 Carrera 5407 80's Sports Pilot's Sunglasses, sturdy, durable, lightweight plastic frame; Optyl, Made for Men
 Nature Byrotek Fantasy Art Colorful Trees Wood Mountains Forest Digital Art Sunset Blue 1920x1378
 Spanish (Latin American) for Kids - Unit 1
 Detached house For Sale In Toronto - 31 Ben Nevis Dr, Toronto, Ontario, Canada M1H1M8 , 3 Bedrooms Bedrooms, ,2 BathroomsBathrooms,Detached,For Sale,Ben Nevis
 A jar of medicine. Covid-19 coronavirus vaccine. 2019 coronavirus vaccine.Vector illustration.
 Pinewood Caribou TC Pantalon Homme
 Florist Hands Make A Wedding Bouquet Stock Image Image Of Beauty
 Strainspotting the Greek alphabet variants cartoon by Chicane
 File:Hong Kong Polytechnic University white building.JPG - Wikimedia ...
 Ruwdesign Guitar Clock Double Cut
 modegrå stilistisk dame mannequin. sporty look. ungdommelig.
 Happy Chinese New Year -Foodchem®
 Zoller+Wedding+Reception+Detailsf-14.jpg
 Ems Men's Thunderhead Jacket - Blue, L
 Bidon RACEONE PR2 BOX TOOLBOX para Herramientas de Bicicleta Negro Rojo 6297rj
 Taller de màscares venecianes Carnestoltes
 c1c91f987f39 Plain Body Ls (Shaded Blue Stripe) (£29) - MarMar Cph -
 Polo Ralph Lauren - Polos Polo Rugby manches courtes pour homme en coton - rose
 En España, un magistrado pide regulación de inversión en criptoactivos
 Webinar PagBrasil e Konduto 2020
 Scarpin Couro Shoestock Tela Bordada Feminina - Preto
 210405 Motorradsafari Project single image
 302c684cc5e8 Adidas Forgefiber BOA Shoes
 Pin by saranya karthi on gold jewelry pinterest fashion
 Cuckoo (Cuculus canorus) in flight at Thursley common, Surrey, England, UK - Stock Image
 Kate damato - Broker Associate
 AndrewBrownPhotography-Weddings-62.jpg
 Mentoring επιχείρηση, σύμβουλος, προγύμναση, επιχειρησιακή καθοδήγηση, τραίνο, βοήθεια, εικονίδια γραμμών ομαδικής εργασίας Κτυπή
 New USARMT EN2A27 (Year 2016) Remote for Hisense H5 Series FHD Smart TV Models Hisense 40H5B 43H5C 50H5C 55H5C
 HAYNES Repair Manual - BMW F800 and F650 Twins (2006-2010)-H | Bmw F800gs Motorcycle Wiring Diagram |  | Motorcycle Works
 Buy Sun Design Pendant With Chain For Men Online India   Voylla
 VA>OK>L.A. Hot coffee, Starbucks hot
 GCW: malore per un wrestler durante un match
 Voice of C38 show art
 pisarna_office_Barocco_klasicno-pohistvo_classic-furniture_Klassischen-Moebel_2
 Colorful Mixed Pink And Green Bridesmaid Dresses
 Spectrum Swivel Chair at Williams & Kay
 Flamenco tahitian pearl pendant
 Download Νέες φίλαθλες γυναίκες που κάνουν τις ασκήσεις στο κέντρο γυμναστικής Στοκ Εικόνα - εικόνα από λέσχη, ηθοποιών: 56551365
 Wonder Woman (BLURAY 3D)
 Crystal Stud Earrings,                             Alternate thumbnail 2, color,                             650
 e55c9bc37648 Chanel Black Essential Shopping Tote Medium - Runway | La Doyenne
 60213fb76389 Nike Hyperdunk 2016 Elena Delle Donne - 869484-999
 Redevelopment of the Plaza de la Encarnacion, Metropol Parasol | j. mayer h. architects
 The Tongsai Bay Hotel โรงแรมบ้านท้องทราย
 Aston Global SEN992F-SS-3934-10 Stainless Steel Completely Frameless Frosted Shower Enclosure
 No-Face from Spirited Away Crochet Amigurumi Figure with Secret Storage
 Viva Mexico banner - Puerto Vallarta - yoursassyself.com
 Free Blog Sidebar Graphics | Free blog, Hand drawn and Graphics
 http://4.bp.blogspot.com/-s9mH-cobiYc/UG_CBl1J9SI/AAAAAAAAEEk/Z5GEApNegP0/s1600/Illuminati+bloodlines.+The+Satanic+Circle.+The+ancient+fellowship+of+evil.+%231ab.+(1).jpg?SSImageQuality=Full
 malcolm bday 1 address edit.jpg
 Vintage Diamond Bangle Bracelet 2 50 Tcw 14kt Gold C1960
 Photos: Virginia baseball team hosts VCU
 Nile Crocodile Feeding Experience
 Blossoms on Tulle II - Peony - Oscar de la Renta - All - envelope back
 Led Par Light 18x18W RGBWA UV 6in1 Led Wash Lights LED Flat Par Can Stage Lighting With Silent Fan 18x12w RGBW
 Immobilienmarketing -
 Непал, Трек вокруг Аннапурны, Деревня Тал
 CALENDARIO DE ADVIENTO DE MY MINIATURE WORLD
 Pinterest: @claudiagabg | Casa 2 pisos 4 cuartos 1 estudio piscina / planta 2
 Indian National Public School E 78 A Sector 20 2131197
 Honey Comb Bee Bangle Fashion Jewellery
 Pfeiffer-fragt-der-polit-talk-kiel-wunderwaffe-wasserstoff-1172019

________________

Brief =>
What lines above hold the word "Bangle"? List them all.

Answer box =>
 Vintage Diamond Bangle Bracelet 2 50 Tcw 14kt Gold C1960
 Honey Comb Bee Bangle Fashion Jewellery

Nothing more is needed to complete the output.